SEC Chairman Cox Expounds on CD&A and Plain English

Editor’s Note: This post is by Broc Romanek of TheCorporateCounsel.net.

A few weeks ago, I blogged about SEC Chairman’s Cox‘s first comments on incoming executive compensation disclosures under the new disclosure rules.  Chairman Cox recently gave another speech further explaining why he believes that executive compensation disclosure, and particularly the CD&A, is not in plain English.  The part of the Chairman’s speech that deals with compensation disclosures is quite long.  Below are just a few excerpts to give you a sense of his message:

– “I have to report that we are disappointed with the lack of clarity in much of the narrative disclosure that’s been filed with the SEC so far.  Based on the early returns, the average Compensation Disclosure and Analysis section isn’t anywhere close to plain English.  In fact, according to objective third-party testing, most of it’s as tough to read as a Ph.D. dissertation.”

– “For starters, the executive pay disclosures in the study were verbose.  We had it in mind that they’d be just a few pages long, but the median length for the CD&As was 5,472 words–over 1,000 words more than the U.S. Constitution.”

– “Just as the Black-Scholes model is a commonplace [metric] when it comes to compliance with the stock option compensation rules, we may soon be looking to the Gunning-Fog and Flesch-Kincaid models to judge the level of compliance with the plain English rules.”

– “So where do you think our new Compensation Disclosure and Analysis sections come in, seeing as how they’re newly minted in ‘plain English’ for the average investor?  In these tests, the average Fog Index for the CD&As in the sample was 16.45.  That’s about the same as an academic paper, such as a Ph.D. dissertation here at USC.”

– “But the SEC’s own qualitative review of this year’s proxy statements indicates that we have far to go before we can say that legalese and jargon have truly been replaced by plain English.  It’s clear that many companies are letting lawyers have the final say on the CD&A.  As the firm that undertook this study points out, many of the problems could easily have been fixed in just a few hours by a qualified copy editor.  Retail investors deserve better.”

Just like the Chairman’s last compensation disclosure speech, some lawyers are disturbed and have sent me e-mails expressing their dismay (for example, many missed the point in the SEC’s adopting release indicating that the CD&A should only be a few pages long).  For those out there who have truly worked hard to meet the extensive new requirements, I can understand their frustration and expect that the SEC will be providing us with guidance to clarify their CD&A expectations for next year.

On the other hand, far too many CD&As look eerily similar to compensation committee reports from the past and don’t really provide much in the way of analysis–despite their verbosity!  In a previous blog post, I noted that some have told me of their efforts to cut through the HR department’s attempt to put boilerplate in the proxy statement.  Since then, I have heard from plenty of non-lawyers with horror stories about lawyers who don’t understand how to narrate in plain English and worse (for example, lawyers’ tendency to hide disclosures in footnotes).  Clearly, the drafting process will need to be better managed next year for many companies.
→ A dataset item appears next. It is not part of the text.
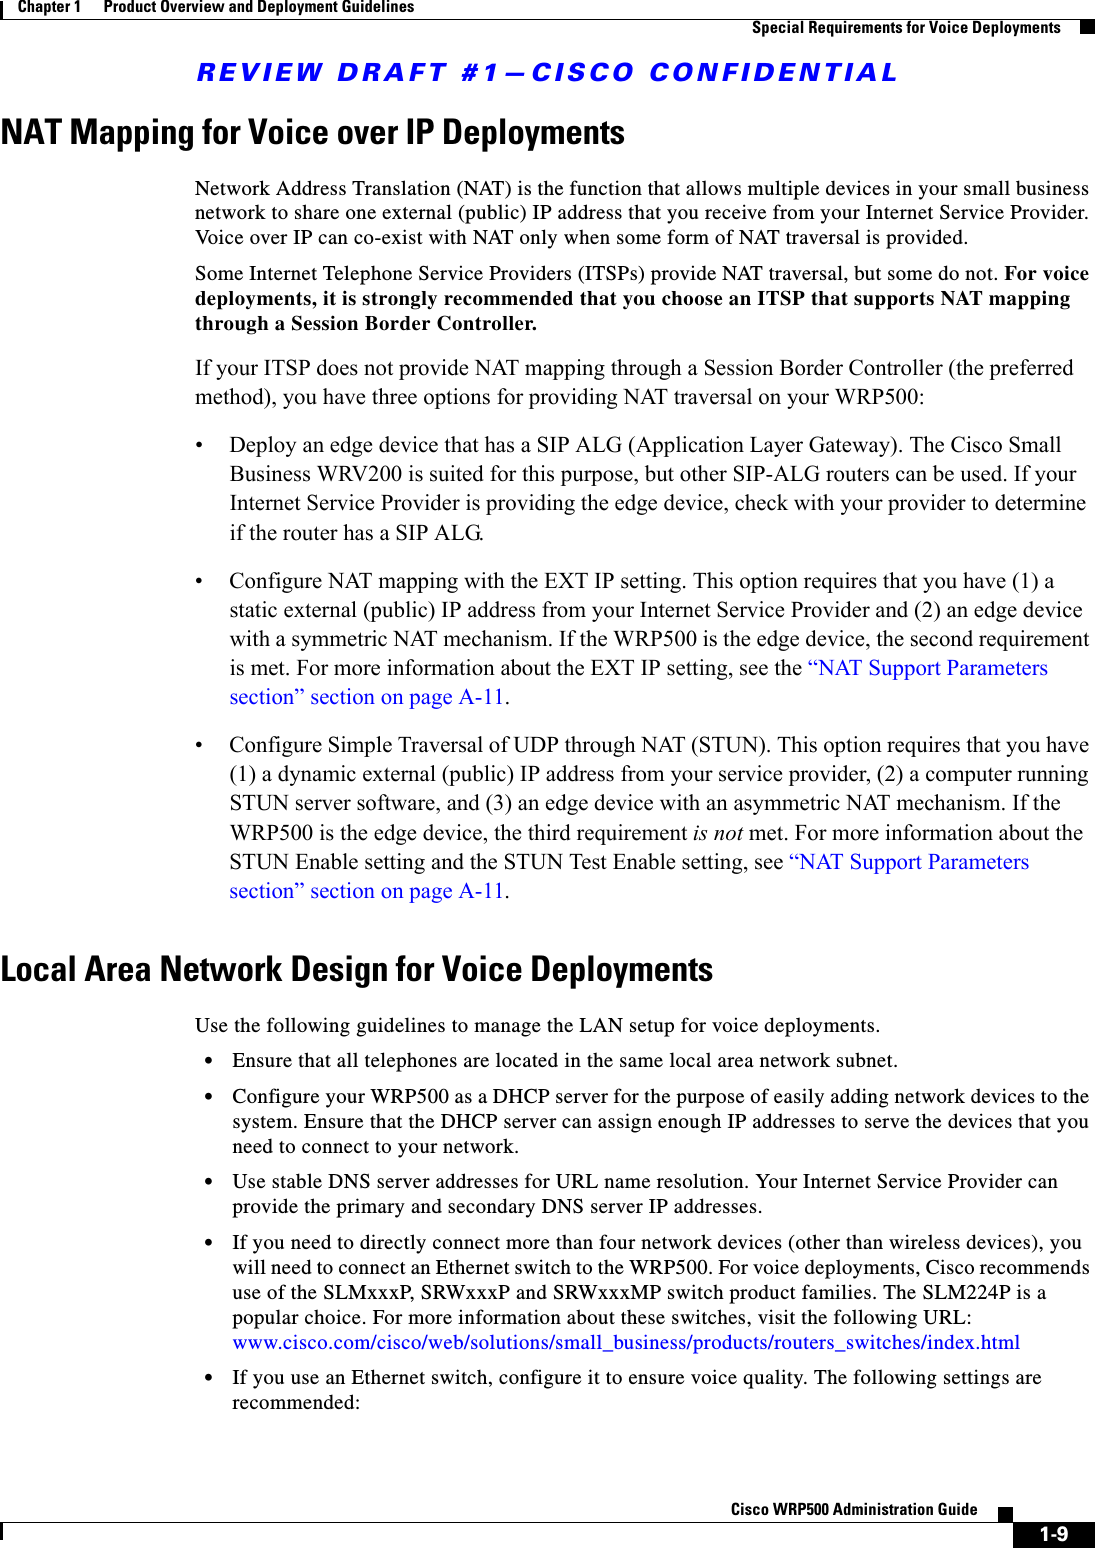 REVIEW DRAFT #1—CISCO CONFIDENTIAL1-9Cisco WRP500 Administration Guide Chapter 1      Product Overview and Deployment Guidelines  Special Requirements for Voice DeploymentsNAT Mapping for Voice over IP DeploymentsNetwork Address Translation (NAT) is the function that allows multiple devices in your small business network to share one external (public) IP address that you receive from your Internet Service Provider. Voice over IP can co-exist with NAT only when some form of NAT traversal is provided. Some Internet Telephone Service Providers (ITSPs) provide NAT traversal, but some do not. For voice deployments, it is strongly recommended that you choose an ITSP that supports NAT mapping through a Session Border Controller. If your ITSP does not provide NAT mapping through a Session Border Controller (the preferred method), you have three options for providing NAT traversal on your WRP500:• Deploy an edge device that has a SIP ALG (Application Layer Gateway). The Cisco Small Business WRV200 is suited for this purpose, but other SIP-ALG routers can be used. If your Internet Service Provider is providing the edge device, check with your provider to determine if the router has a SIP ALG.• Configure NAT mapping with the EXT IP setting. This option requires that you have (1) a static external (public) IP address from your Internet Service Provider and (2) an edge device with a symmetric NAT mechanism. If the WRP500 is the edge device, the second requirement is met. For more information about the EXT IP setting, see the “NAT Support Parameters section” section on page A-11.• Configure Simple Traversal of UDP through NAT (STUN). This option requires that you have (1) a dynamic external (public) IP address from your service provider, (2) a computer running STUN server software, and (3) an edge device with an asymmetric NAT mechanism. If the WRP500 is the edge device, the third requirement is not met. For more information about the STUN Enable setting and the STUN Test Enable setting, see “NAT Support Parameters section” section on page A-11.Local Area Network Design for Voice DeploymentsUse the following guidelines to manage the LAN setup for voice deployments.•Ensure that all telephones are located in the same local area network subnet.•Configure your WRP500 as a DHCP server for the purpose of easily adding network devices to the system. Ensure that the DHCP server can assign enough IP addresses to serve the devices that you need to connect to your network. •Use stable DNS server addresses for URL name resolution. Your Internet Service Provider can provide the primary and secondary DNS server IP addresses.•If you need to directly connect more than four network devices (other than wireless devices), you will need to connect an Ethernet switch to the WRP500. For voice deployments, Cisco recommends use of the SLMxxxP, SRWxxxP and SRWxxxMP switch product families. The SLM224P is a popular choice. For more information about these switches, visit the following URL: www.cisco.com/cisco/web/solutions/small_business/products/routers_switches/index.html•If you use an Ethernet switch, configure it to ensure voice quality. The following settings are recommended:

We are re-tooling our 4th Annual Executive Compensation Conference to ensure it’s as practical as can be–with a theme of “lessons learned.” And our companion conference, Tackling Your 2008 Compensation Disclosures: The 2nd Annual Proxy Disclosure Conference, will include a panel regarding the drafting process and how to manage it.  So save the dates of October 9-11…

Both comments and trackbacks are currently closed.

One Comment

  1. M. Hodak
    Posted Sunday, April 15, 2007 at 10:33 am | Permalink

    The SEC’s “filing” requirement of CD&As has increased CEO and CFO liability a hundred-fold with regards to compensation descriptions versus the old proxy CCRs. Anyone who believed that this would result in easier-to-read disclosures devoid of extensive legal obfuscation must have been smoking something.

    And no one can say it wasn’t predicted. My letter to the SEC on this was clearly read by the commissioners and cited multiple times in the final rules, including this very dissent.